I'm working on a project in C and it requires memalign(). Really, posix_memalign() would do as well, but darwin/OSX lacks both of them.
What is a good solution to shoehorn-in memalign? I don't understand the licensing for posix-C code if I were to rip off memalign.c and put it in my project- I don't want any viral-type licensing LGPL-ing my whole project.
Mac OS X appears to be 16-byte mem aligned.
Quote from the website:
I had a hard time finding a definitive
statement on MacOS X memory alignment
so I did my own tests. On 10.4/intel,
both stack and heap memory is 16 byte
aligned. So people porting software
can stop looking for memalign() and
posix_memalign(). It’s not needed.
update: OSX now has posix_memalign()
Late to the party, but newer versions of OSX do have posix_memalign(). You might want this when aligning to page boundaries. For example:
#include <stdlib.h>
char *buffer;
int pagesize;
pagesize = sysconf(_SC_PAGE_SIZE);
if (pagesize == -1) handle_error("sysconf");
if (posix_memalign((void **)&buffer, pagesize, 4 * pagesize) != 0) {
handle_error("posix_memalign");
}
One thing to note is that, unlike memalign(), posix_memalign() takes **buffer as an argument and returns an integer error code.
Should be easy enough to do yourself, no? Something like the following (not tested):
void *aligned_malloc( size_t size, int align )
{
void *mem = malloc( size + (align-1) + sizeof(void*) );
char *amem = ((char*)mem) + sizeof(void*);
amem += align - ((uintptr)amem & (align - 1));
((void**)amem)[-1] = mem;
return amem;
}
void aligned_free( void *mem )
{
free( ((void**)mem)[-1] );
}
(thanks Jonathan Leffler)
Edit:
Regarding ripping off another memalign implementation, the problem with that is not licensing. Rather, you'd run into the difficulty that any good memalign implementation will be an integral part of the heap-manager codebase, not simply layered on top of malloc/free. So you'd have serious trouble transplanting it to a different heap-manager, especially when you have no access to it's internals.

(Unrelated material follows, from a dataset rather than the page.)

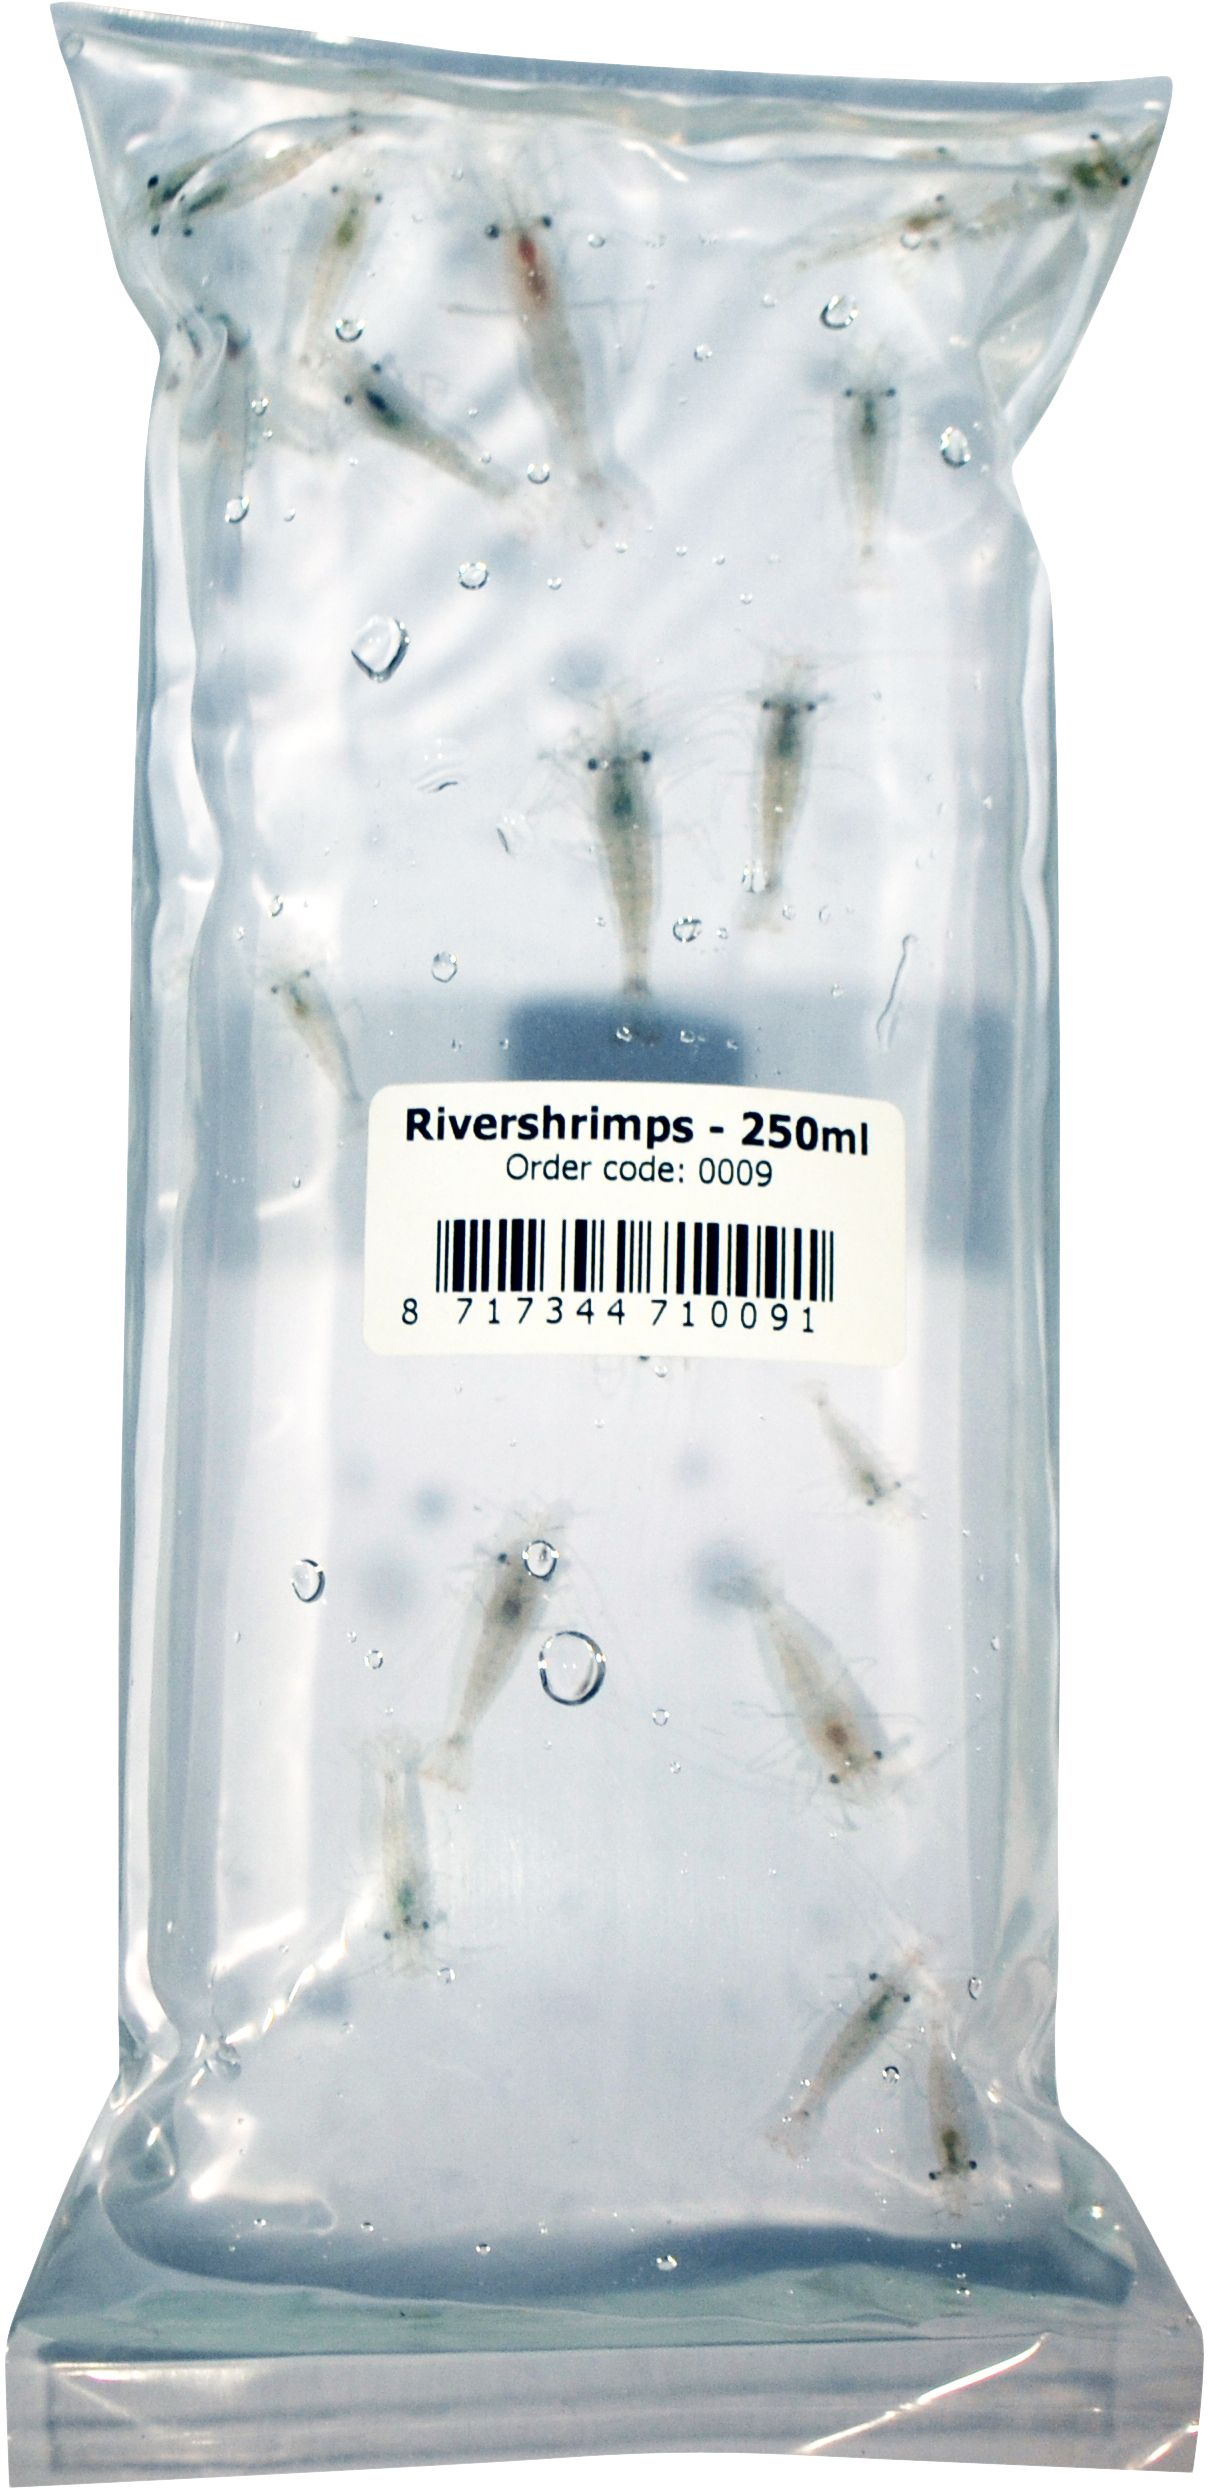 AQUADIP River shrimps

Why does the software you are porting need memalign() or posix_memalign()? Does it use it for alignments bigger than the 16-byte alignments referenced by austirg?
I see Mike F posted some code - it looks relatively neat, though I think the while loop may be sub-optimal (if the alignment required is 1KB, it could iterate quite a few times).
Doesn't:
amem += align - ((uintptr)amem & (align - 1));
get there in one operation?
Yes Mac OS X does have 16 Byte memory alignment in the ABI.

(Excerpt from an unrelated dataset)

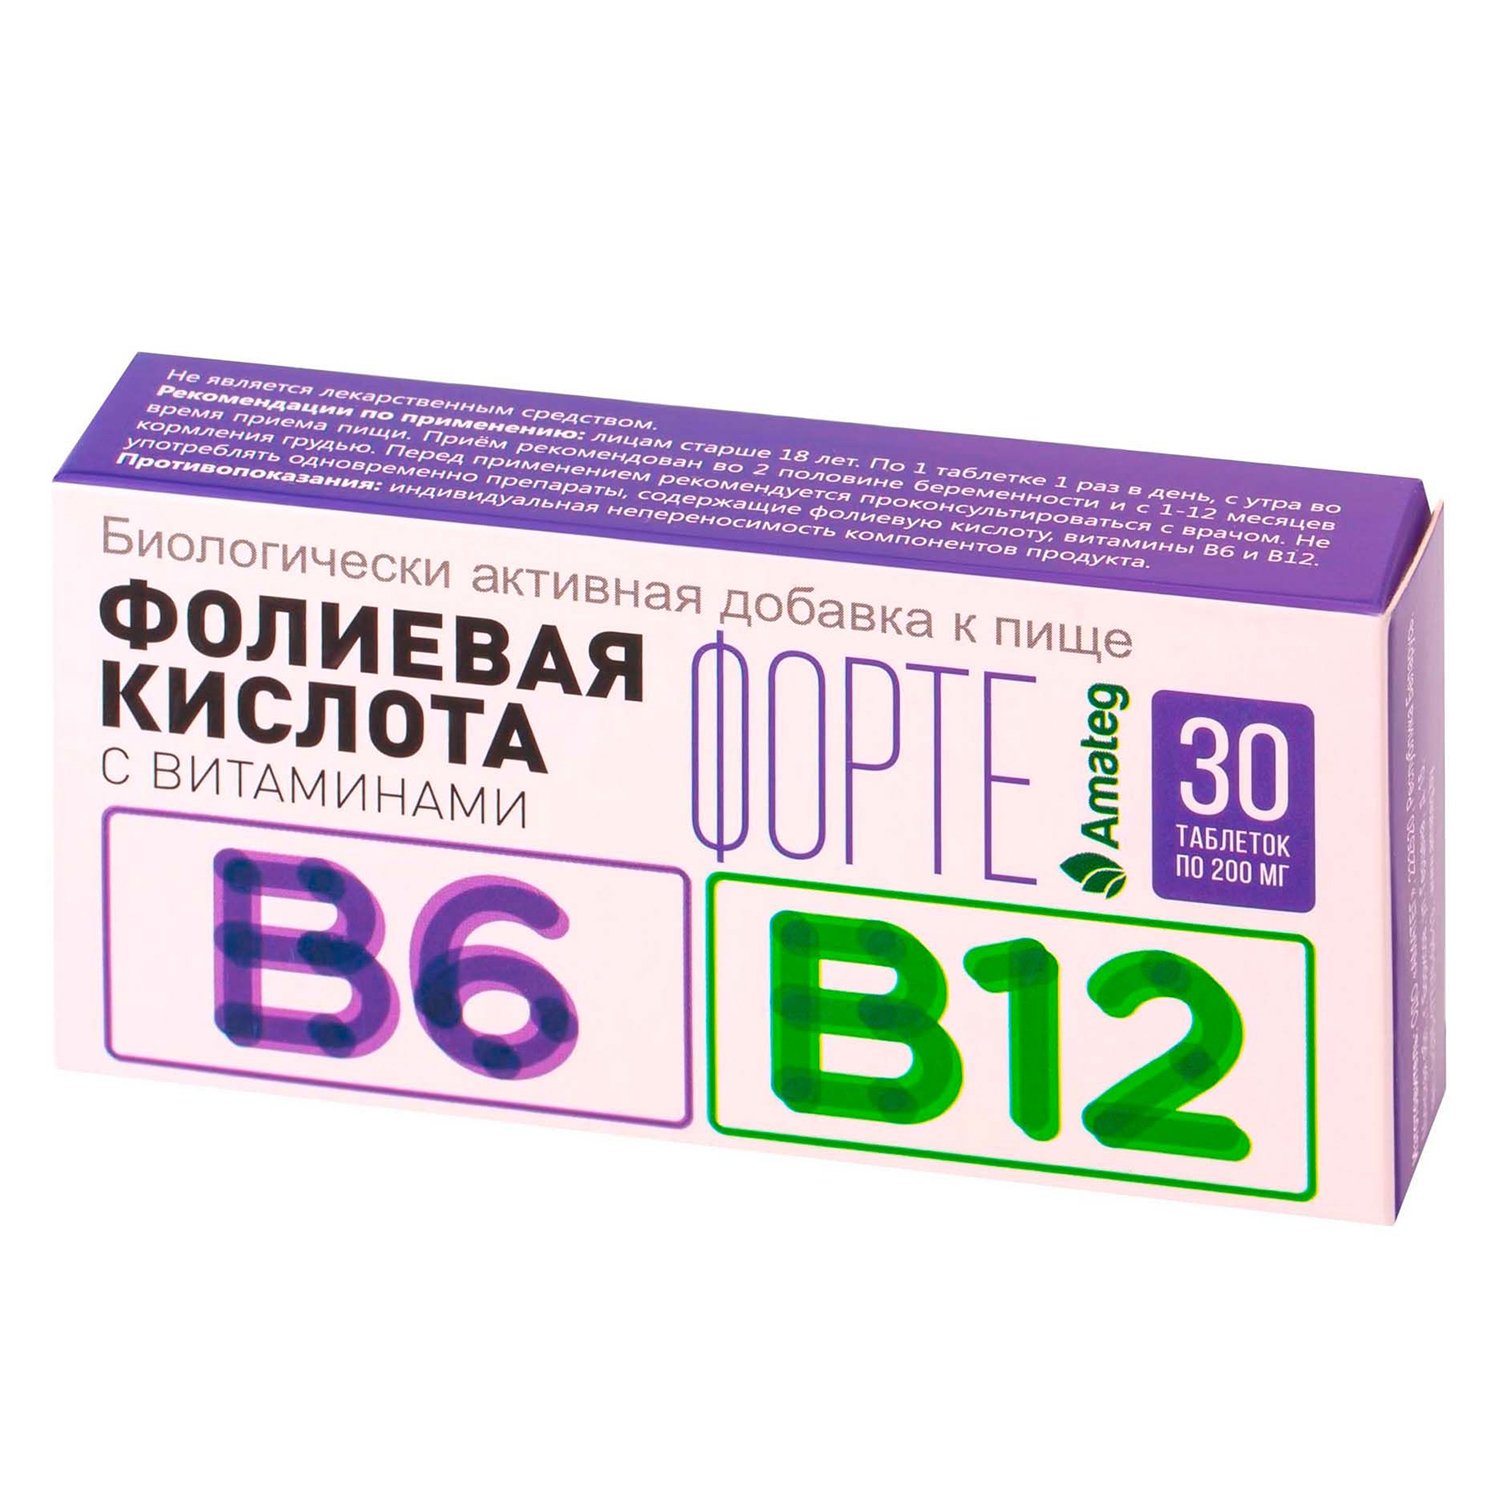 Витамин б12 в таблетках купить. Фолиевая кислота с витаминами в12 и в6. Витамин б12 и фолиевая кислота в таблетках. Таблетки витамин b12 фолиевая кислота. Фолиевая кислота с витаминами в12 и в6 таблетки.

You should not need to use memalign(). If you memory requirements are a factor of 16 then I would not implement it and maybe just add an assert.

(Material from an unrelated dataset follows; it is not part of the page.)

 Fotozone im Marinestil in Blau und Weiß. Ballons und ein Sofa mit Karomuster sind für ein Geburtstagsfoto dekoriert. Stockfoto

From the macosx man pages:
The malloc(), calloc(), valloc(),
realloc(), and reallocf() functions
allocate memory. The allocated memory is aligned such that it can be
used for any data type, including AltiVec- and SSE-related types. The free()
function frees allocations that were created via the preceding allocation
functions.
If you need an arbitrarily aligned malloc, check out x264's malloc (common/common.c in the git repository), which has a custom memalign for systems without malloc.h. Its extremely trivial code, to the point where I would not even consider it copyrightable, but you should easily be able to implement your own after seeing it.
Of course, if you only need 16-byte alignment, as stated above, its in the OS X ABI.
Might be worthwhile suggesting using Doug Lea's malloc in your code. link text
Thanks for the help, guys... helped in my case (OpenCascade src/Image/Image_PixMap.cxx, OSX10.5.8 PPC)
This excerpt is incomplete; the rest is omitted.